Though nobody is walking on your bed, there are times when the soil may appear compacted, and this is not a good environment for the growth of crops. As such, should you notice such a change, stick a garden fork into the soil as far as you can reach and move it around a little. Repeat the process, leaving intervals of at least eight inches between one hole and the other. The process does not take much time and requires little effort for the soil to be loose for the planting season.

Mulching

The soil in raised beds tends to drain much faster than that in standard beds, and it is thus essential that you seek ways in which you can reduce the evaporation rates. One excellent means to do this is by the use of mulch immediately after you finish planting. Materials you can use for this include dried leaves, wood chips, and straw. Not only does mulch reduce the water lost, but it also reduces the number of weeds in your garden, thus less work for you in maintenance.

Shade

Once you come to the end of the planting season, it is vital that you protect your soil from the harsh weather conditions in cold seasons. Soils exposed to cold weather tend to compact at faster rates as compared to those with shelter. Ways in which you can provide cover to your garden soil include the use of mulch and the planting of cover crops. In this way, once the planting season begins, you will not have much work to do.

Annual Crops

You can choose to have annual crops in your garden for the purposes of covering your soil. Examples of crops suitable for this include crimson clover and ryegrass. These plants not only provide nutrients to your soil through the seasons but they also prevent the occurrence of erosion. What’s more, they can regulate the nitrogen in the soil, thus making it more productive in the planting seasons.

Irrigation

If you have already started gardening, the best form of watering applicable to you is the use of a soaker hose. This kind of watering ensures that you soak the garden without splashing about and leading to the displacement of seeds or the weakening of young plants. However, this is not the best form of irrigation. As such, if you are starting your garden, look into the installation of drip irrigation. Using drips not only helps you gauge the amount of water spent on your garden but it also ensures that you use minimal time.

Barrier

A raised garden bed should offer you convenience in that you shouldn’t have to deal with challenges such as weeds and roots. The use of a block at the bottom of the bed ensures that unwanted roots stay out, thus protecting your soil from contamination and reducing the time spent weeding. Suppose you already have your garden up and running, the best thing to do is to excavate the raised garden, place a barrier and refill it. It may feel like a lot of work, but it will save you a lot of maintenance work in the future. Suitable materials for this process include old carpets, cardboard, and weed barriers, among others.

Compost

If you have ever gardened in a container, then you know that soil eventually starts losing its nutrients, thus calling for a top-up. It is the same case with raised garden beds which require that you apply a top dress each year. A layer or two of compost will do the trick, and it is best carried out during spring before you begin the planting season. In this way, your garden will retain its productivity.

Direct Compost

Compost is an exceptional way to add nutrients to your soil, and there are tons of methods you can use to do this without having to resort to a compost pile. Consider methods such as trench composting and worm tubes for more convenient composting with excellent results.

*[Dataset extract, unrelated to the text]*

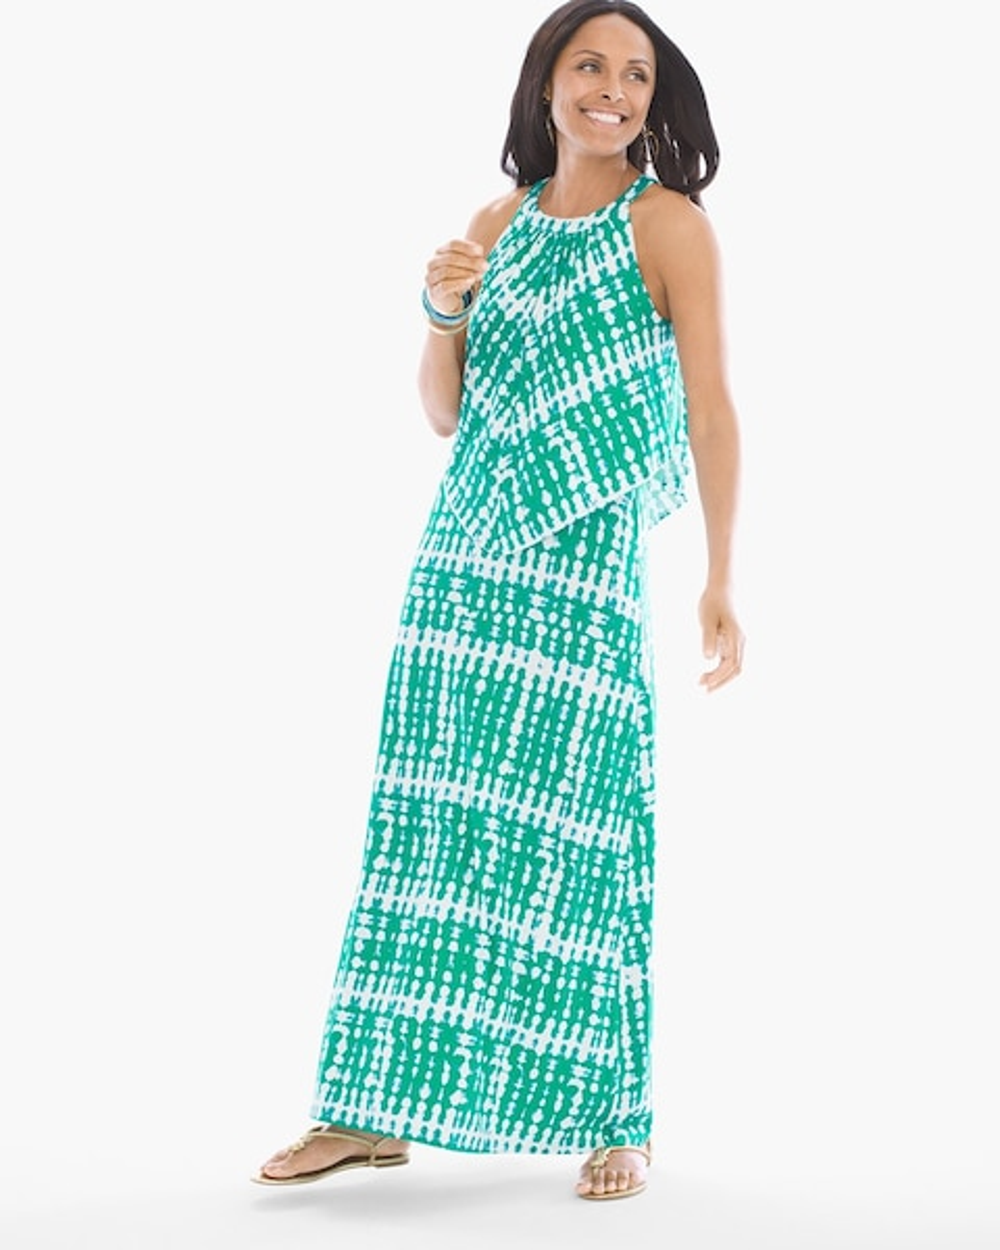 87cdd4af384 Breezy Tie-Dye Popover Maxi Dress - Chico s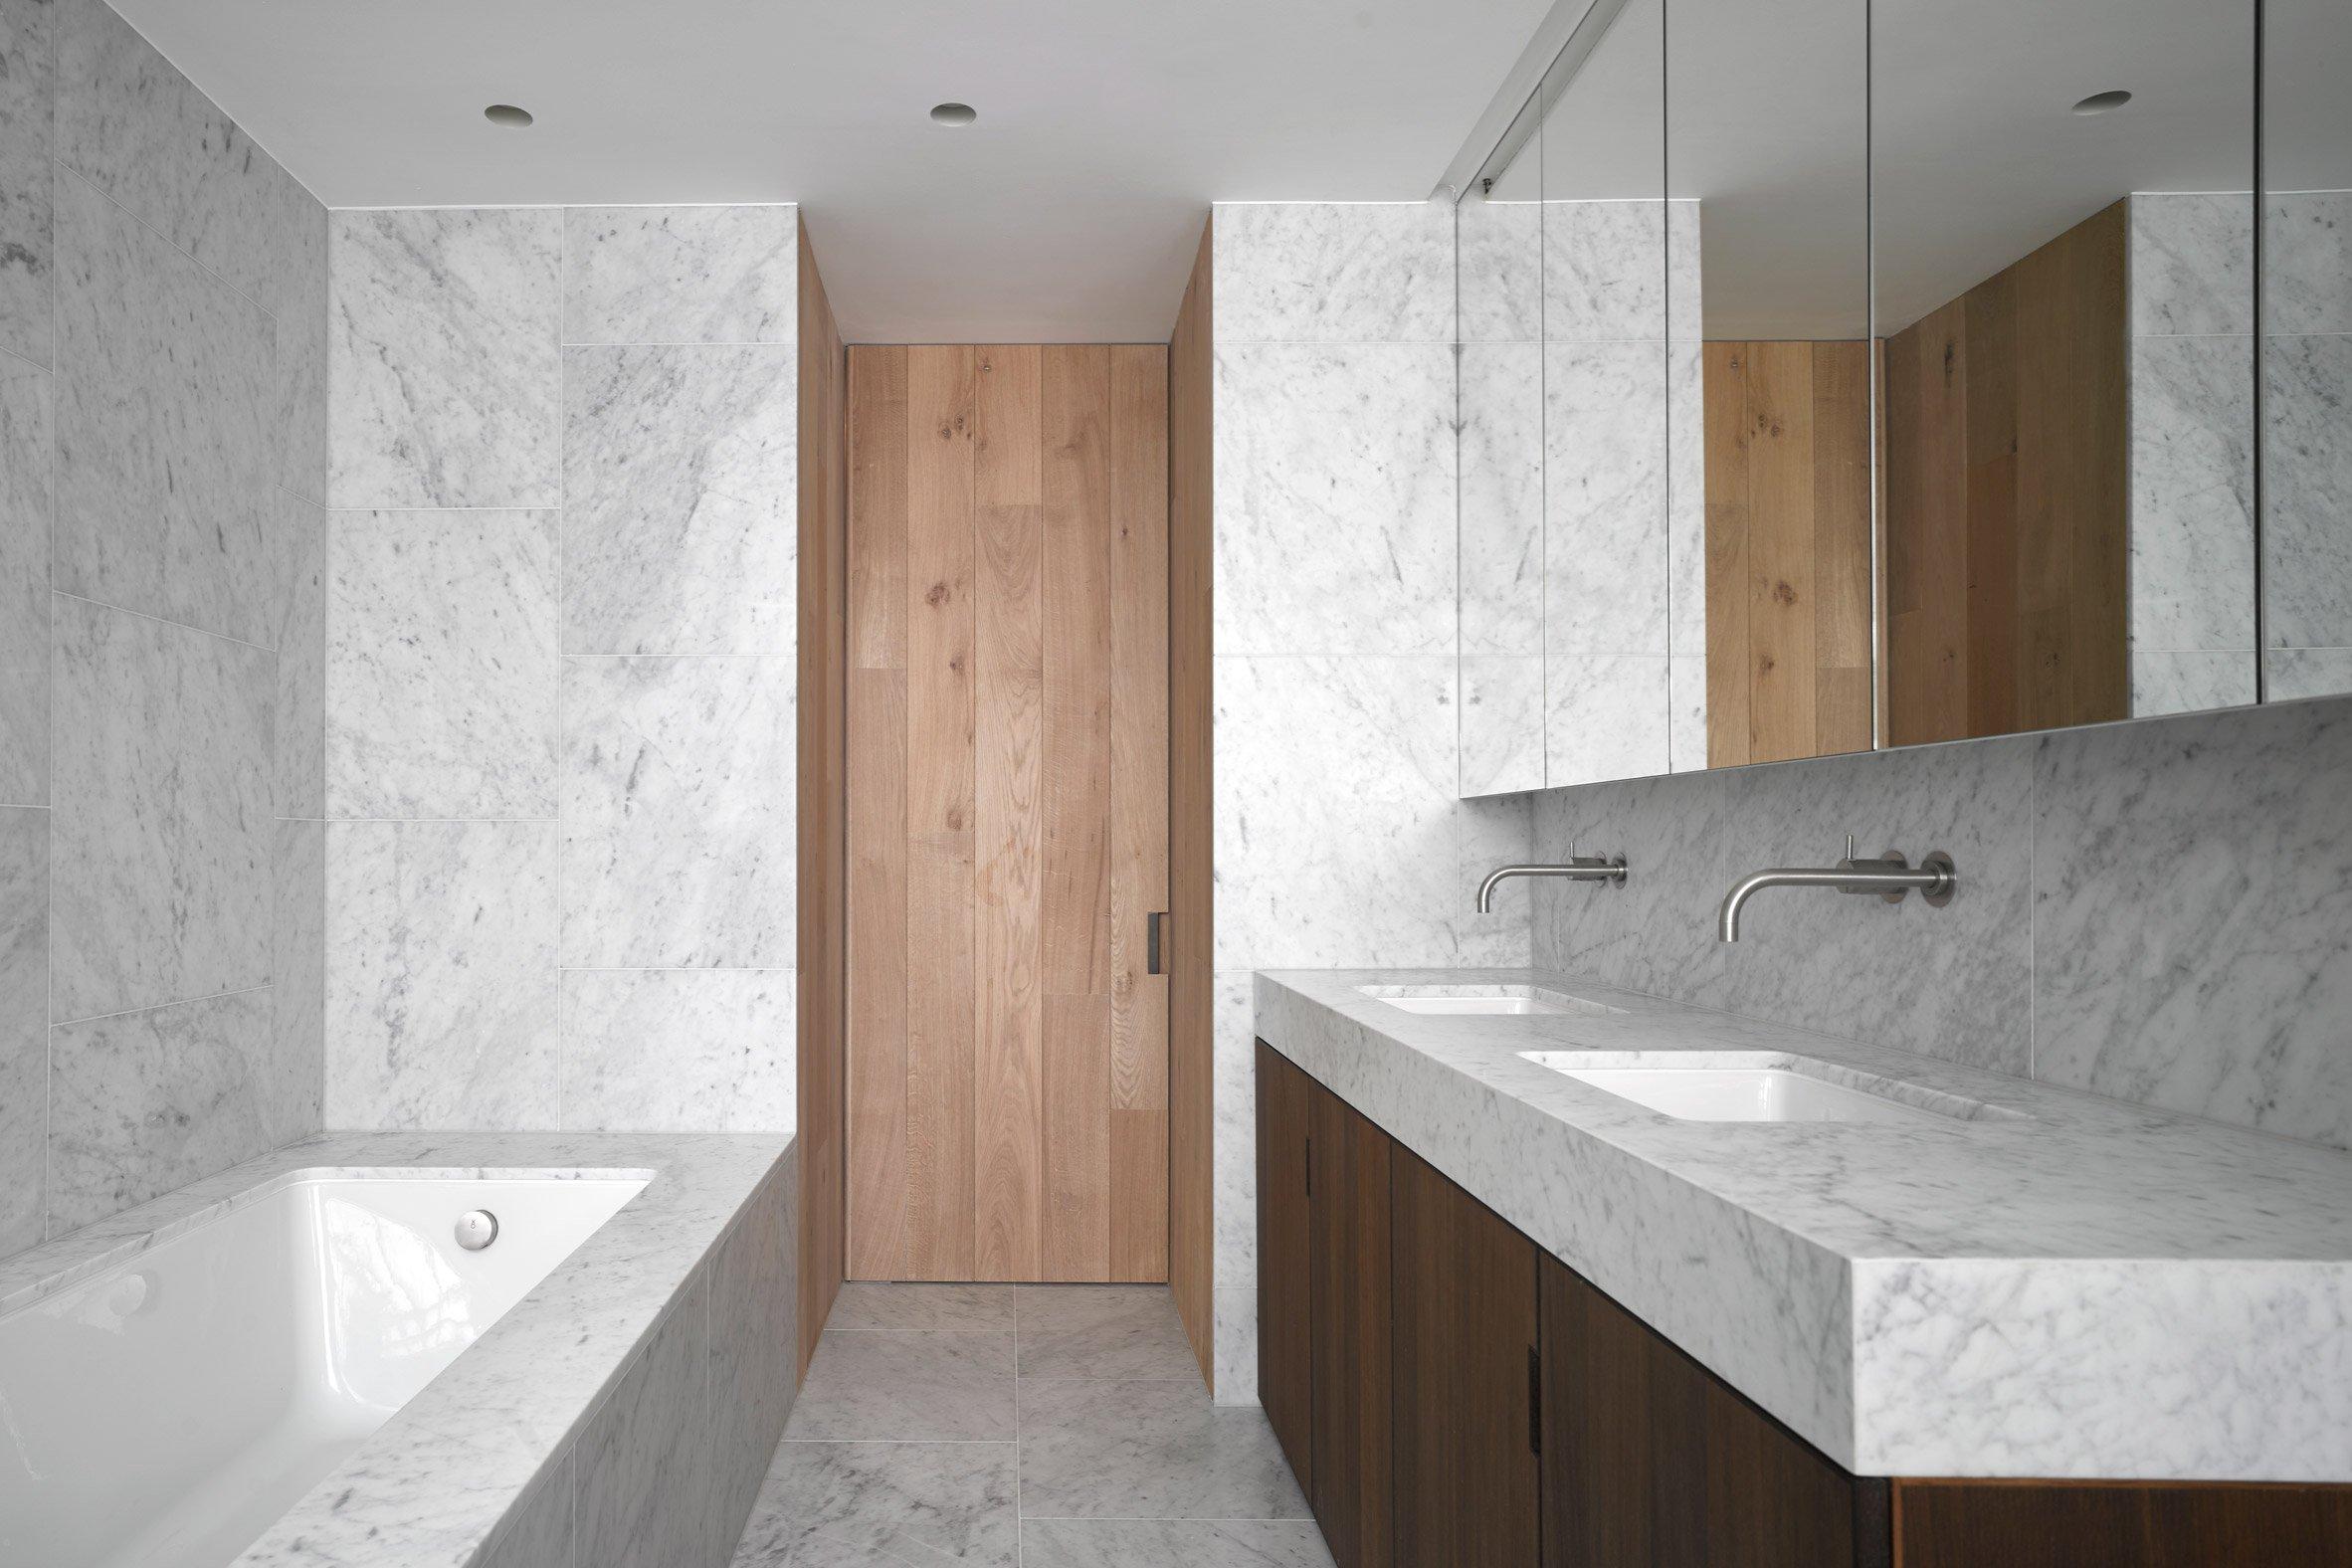 architecture-residential-london-interior-design-studia-osnovadesign-osnova-poltava_11

Maintaining garden bed soil requires that you protect it from harsh weather and weed invasion and that you provide it with adequate nutrients and moisture. With these tips, you will be in a position to reap the optimum benefits from your garden.

Season Extension

Though seasons are often the determinants of when you can plant and harvest your crops, you are free to make use of some planning methods such as a cold frame and low tunnel. These systems can enable you to plant your crops much earlier in the season or move your planting period to late in the season. They also protect your crops from harsh weather conditions, and they ensure that you have minimal work to do.